We can talk on the phone, but it is the physical stuff that we may miss most. The smells of everyone’s specialties, the embrace of aunties and grandmas hovering to check that everybody has enough on their plates are the “mothering” all of our senses will miss.

But we will not be bereft of our mothers. Even if others are making choices that do not feel safe without you, even if you are alone, when in any other year you would be at a crowded feast, please know you are held close by a mothering God.

Father may be the default parenting metaphor for God that many Christians use, but take a look at some of God’s behaviors and whom will you recognize?

In my book, Embodied: Clergy Women and the Solidarity of a Mothering God, I name many of God’s behaviors in the Bible that mothers, or those who have been mothered by someone, know intimately.

God sews handmade clothes for Adam and Eve. God voices divine anger with the people, so that Abraham and Moses can bargain and talk God out of wiping them off the face of the earth for their sins.

God in the person of Jesus changes what he is going to do after a conversation with a desperate child of God, a Canaanite mother begging for crumbs of healing for her daughter.

From the cross, Jesus makes a plan for his own mother – since our caregiver relationships reverse as we age – and his beloved disciple to have family once he is gone.

The Holy Spirit is ever-present, not drawing attention but there when you need her, motivating and preparing us to face the world.

Are these not mothering behaviors?

The sense of belonging and value that our best mothering influences create for us is available to us from God, whether we make it to family holidays or not. God sets the table and fusses over us and disciplines and gives until it hurts in Scripture and today.

While God is as close and available as a mother to a newborn, we can also recognize God nurturing us from a distance by working through those who are able to be close to us.

Like a working mom who has to entrust her young ones to a daycare provider in order to work, God speaks to us and physically cares for our bodies through others. Moses even compares himself to a midwife, resenting the surrogate caregiver role.

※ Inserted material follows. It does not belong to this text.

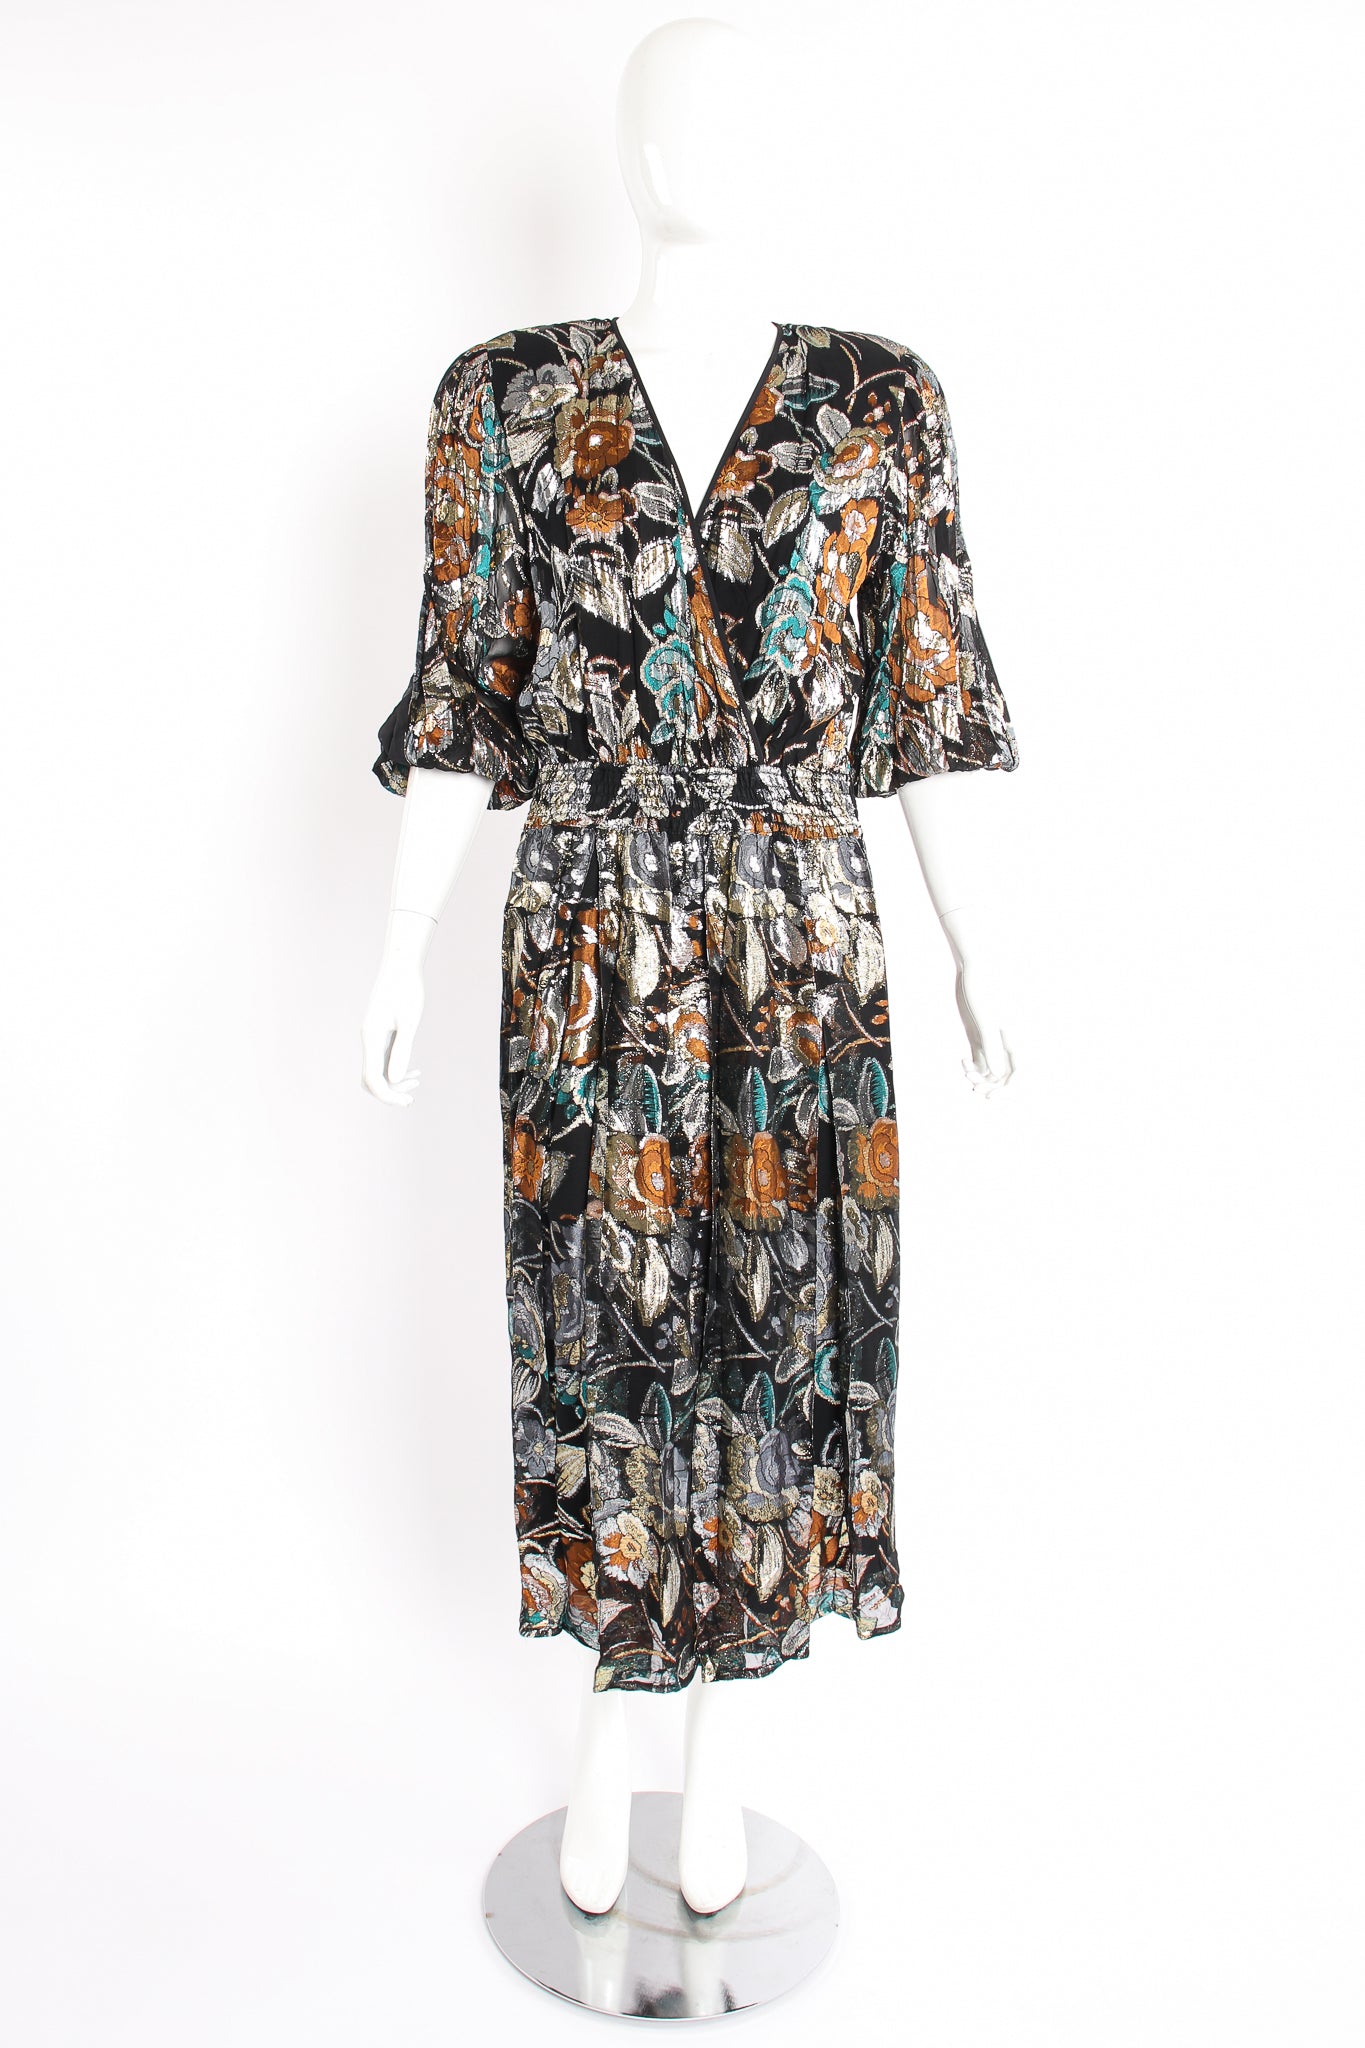 Vintage Diane Freis Floral Brocaded Chiffon Dress on Mannequin front at Recess Los Angeles

Christians claim to be the body of Christ in the world, so that God cares for people through us. We are not meant to be receivers only, but just as my children’s snuggles or surprising insights strengthen me, God too equips us to be nurturing caregivers for each other.

We can step into mother’s place this year, with God’s mothering behaviors as a guide, and make it our business to fill everyone’s plate.

When our traditions are disrupted, we are more likely to see clearly that not everyone experiences an ideal nurturing experience from their families. Yet God desires to draw all of us together like a mother hen.

Who is close enough for you to bring under those wings? What might we gain this year – as individuals or churches – if we examine how the mothering figures in our lives create community and adapt who is responsible for caregiving in our lives? How does God “mother” without being physically nearby?

Without the template of family traditions and dynamics exactly as they have been before, we have an opportunity to see caregivers with new eyes and indeed to become the ones who mother in the faith.